The Importance of Sequential Screening
The sequential screening test combines measurements from two blood tests, a first trimester ultrasound to evaluate the nuchal translucency and other genetic factors to tell you more about your developing baby. Screening tests cannot definitively diagnose or rule out any specific condition, nor ensure the birth of a healthy baby, but they do provide you and your doctor with important information to help manage your pregnancy
An Obstetric ultrasound uses sound waves to produce pictures of a baby within a pregnant woman, as well as the mother’s uterus and ovaries. It does not use ionizing radiation, has no known harmful effects, and is the preferred method for monitoring pregnant women and their unborn babies. A Doppler ultrasound study is a technique that evaluates blood flow in the umbilical cord, fetus or placenta, which may be part of this exam as well.
Cell-free Fetal DNA Testing
Cell-free fetal DNA testing screens the fetus for certain birth defects that are caused by an abnormal number of chromosomes. It also can reveal the sex and blood type of the fetus. The testing is done through a blood test for the mother and can be done as early as 10 weeks in the pregnancy.

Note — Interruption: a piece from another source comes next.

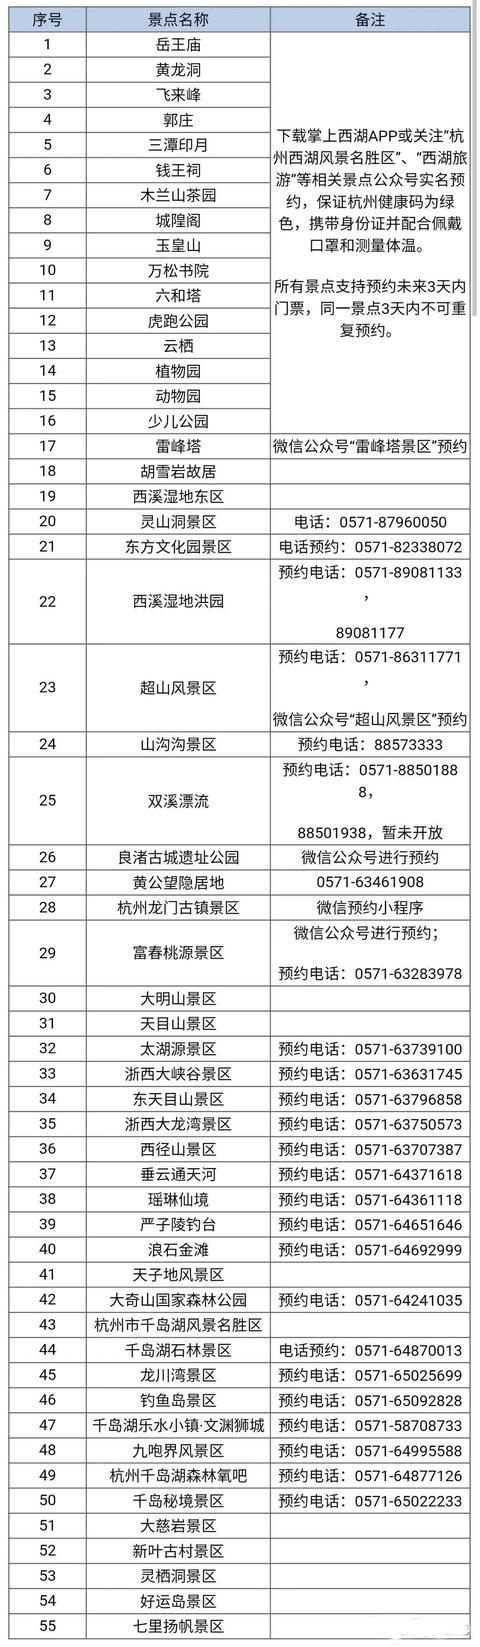 杭州免费景点有哪些 附景点名单

Nuchal Translucency/Nasal Bone
The nuchal translucency scan evaluates your baby’s risk of having Down syndrome and other chromosomal abnormalities, as well as major congenital heart problems. This non-invasive test taken during the first trimester uses ultrasound to measure the thickness of the fluid found at the back of your developing baby’s neck. Babies with abnormalities tend to accumulate more fluid at the back of their neck during the first trimester.

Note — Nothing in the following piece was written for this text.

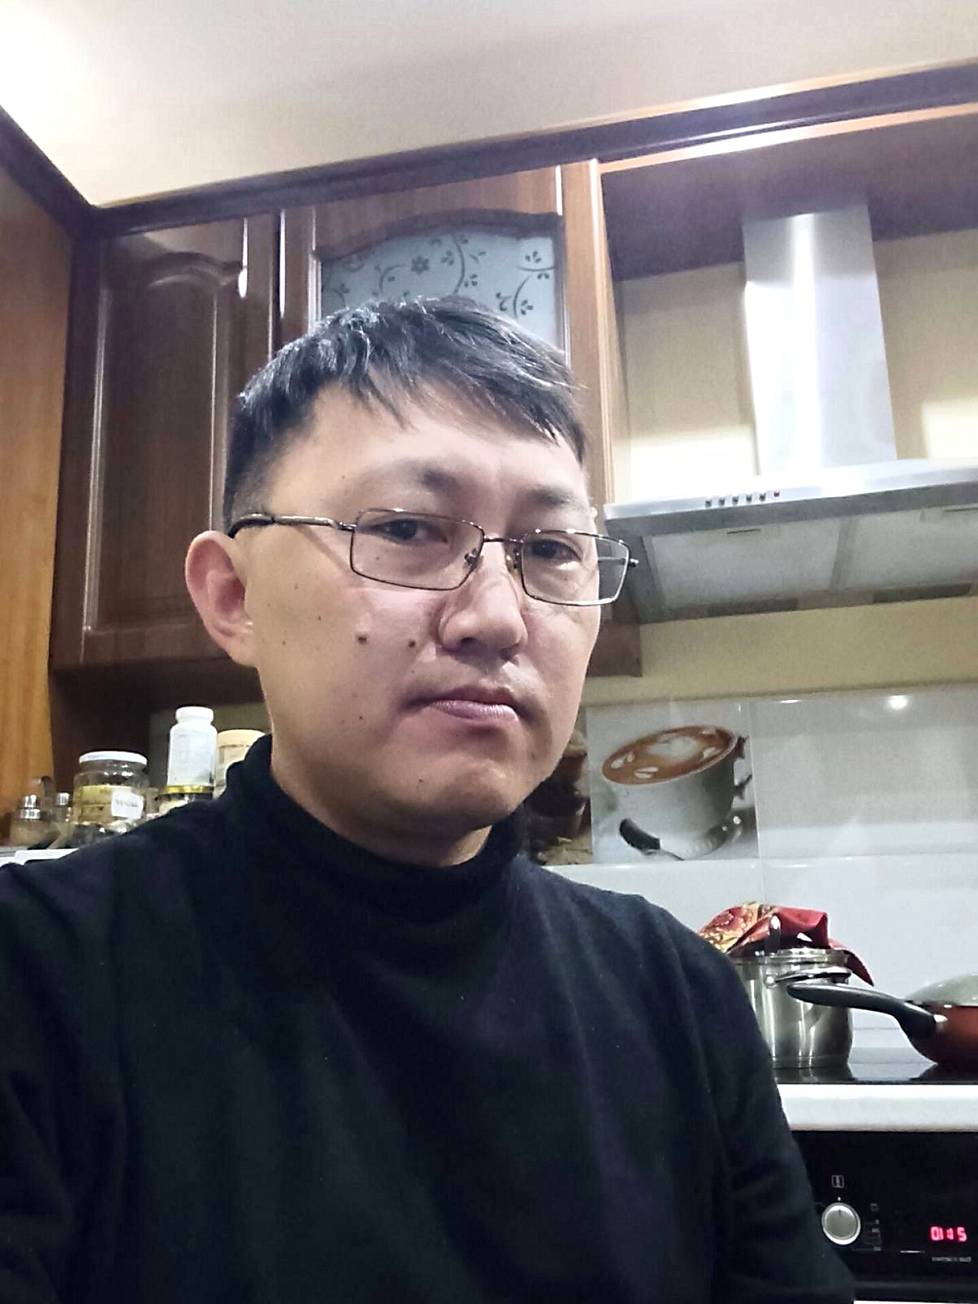 Burjatialainen oppositioaktivisti Purbo Daibijev pakeni liikekannallepanoa viime syksynä Ulan-Batoriin, Mongoliaan. Siellä hän auttaa maanmiehiään löytämään töitä ja asunnon.

Chorionic Villus Sampling (CVS)
Chorionic villus sampling is usually done during the first trimester of pregnancy to determine any genetic disorders the baby may have. A thin tube is guided through the cervix or a needle is inserted into the uterus to remove a sample of cells that contain genetic information from the placenta
First Trimester Screening
First trimester screening offers early information about a baby’s risk of certain chromosomal conditions, such as Down syndrome and Edwards’s syndrome. The screenings involve a blood test to measure levels of pregnancy-specific substances an ultrasound exam to measure the size of the clear space in the tissue at the back of the baby’s neck.
Amniocentesis is a second trimester procedure in which amniotic fluid is removed from the uterus for testing or treatment. This fluid contains fetal cells and various chemicals produced by the baby that provides information about the baby’s genetic makeup.